Neben den vielen Workshops, die ich gebucht hatte, hatte ich leider wenig Zeit, mir als passiver Teilnehmer noch andere Coachings anzuhören. Für zwei hat es glücklicherweise doch gereicht. Ich hab mich dabei für zwei Sessions mit Felix Powroslo entschieden, weil wir vor Ewigkeiten mit ihm gearbeitet haben und es eine echt tolle, intensive Erfahrung war, von der mir sehr viel in Erinnerung geblieben ist!

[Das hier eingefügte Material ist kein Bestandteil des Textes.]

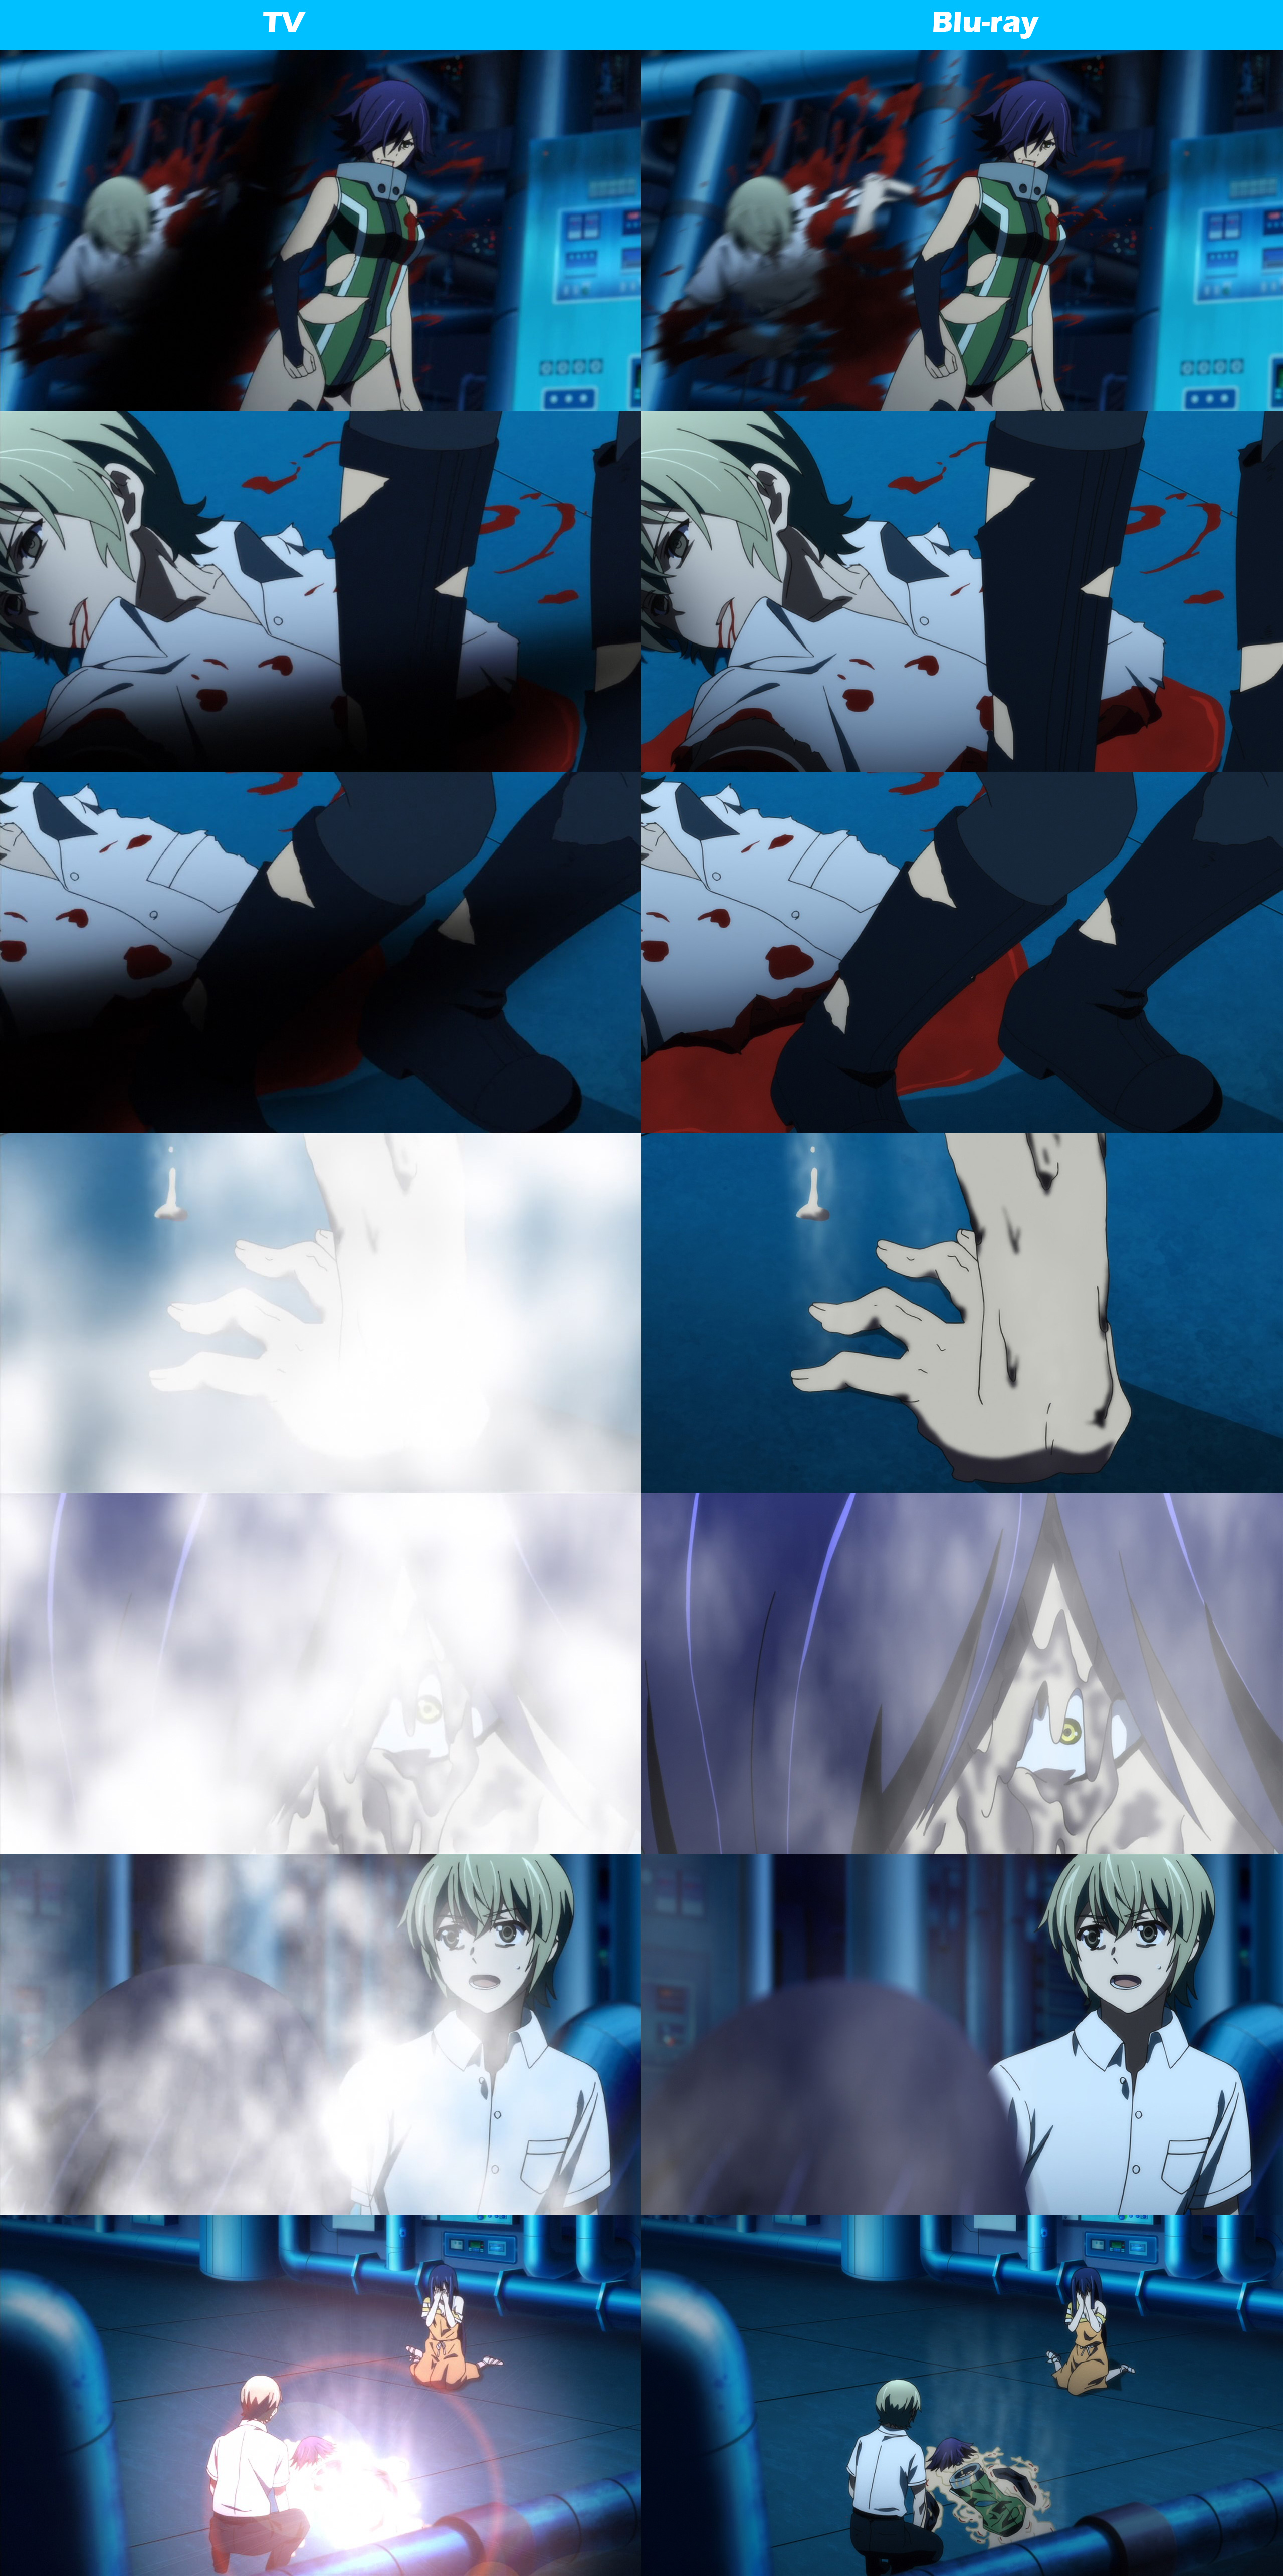 Gokukoku-no-Brynhildr-TV-and-Blu-ray-Comparisons-Gore-2_Haruhichan.com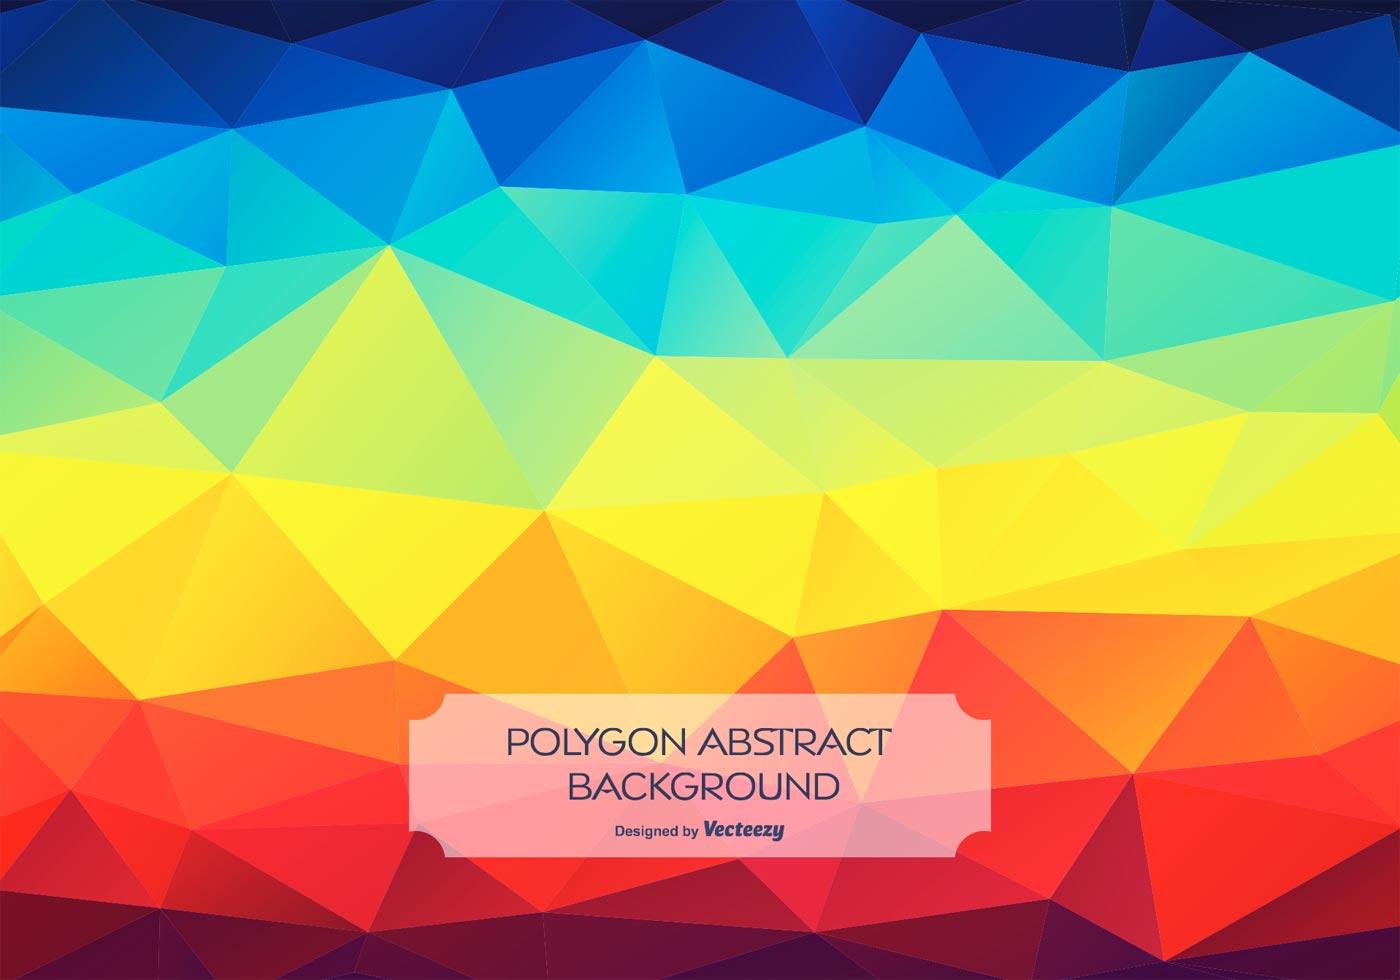 Rainbow Abstract Polygon Style Background Illustration

Bei beiden Gruppen, denen ich lauschen durfte (B’n’T und Lautleben), ging es um dieselbe Thematik: den Kontakt zum Publikum. Ich fand dabei besonders die Ausführungen von Felix interessant, dass man als Akteur auf der Bühne verschiedene Möglichkeiten hat, die Zuschauer anzuschauen, ohne dass tatsächlich eine emotionale Verbindung entsteht. Aus anderen Coachings kenne ich das unangenehme Gefühl selbst, wenn man auf der Bühne steht und Augenkontakt mit den Zuschauern (oder auch nur den Bandkollegen) halten soll, während man vor lauter Stress sogar vergisst zu atmen. Insofern habe ich sehr mit den Ensembles mitgelitten, als sie immer wieder dabei erwischt wurden, die Nase unbewusst zu hoch oder zu tief zu halten, um den „Seelenblick“ zu vermeiden. Aber – wow – was waren das für wunderbare Momente, wenn sie es geschafft haben, den Flucht-Impuls zu überwinden! Ich hatte das Gefühl, dass in diesem Moment alles ein bisschen enger zusammengerückt ist im Raum. Die Gruppe auf der Bühne wurde erst in diesem Augenblick zu einer richtigen Einheit (auch auf musikalischer Ebene), bei der sich die Solisten von den Stimmen im Hintergrund getragen fühlten. Einige Zuschauer waren komplett berührt und ich hab das ein oder andere Tränchen gesehen, das sich jemand aus den Augen gewischt hat, und es war einfach eine sehr warme, intime Atmosphäre. Das sind die Momente, in denen aus sehr guten Ensembles fantastische werden – magische Momente. :-) Danke, dass ich dabei sein durfte!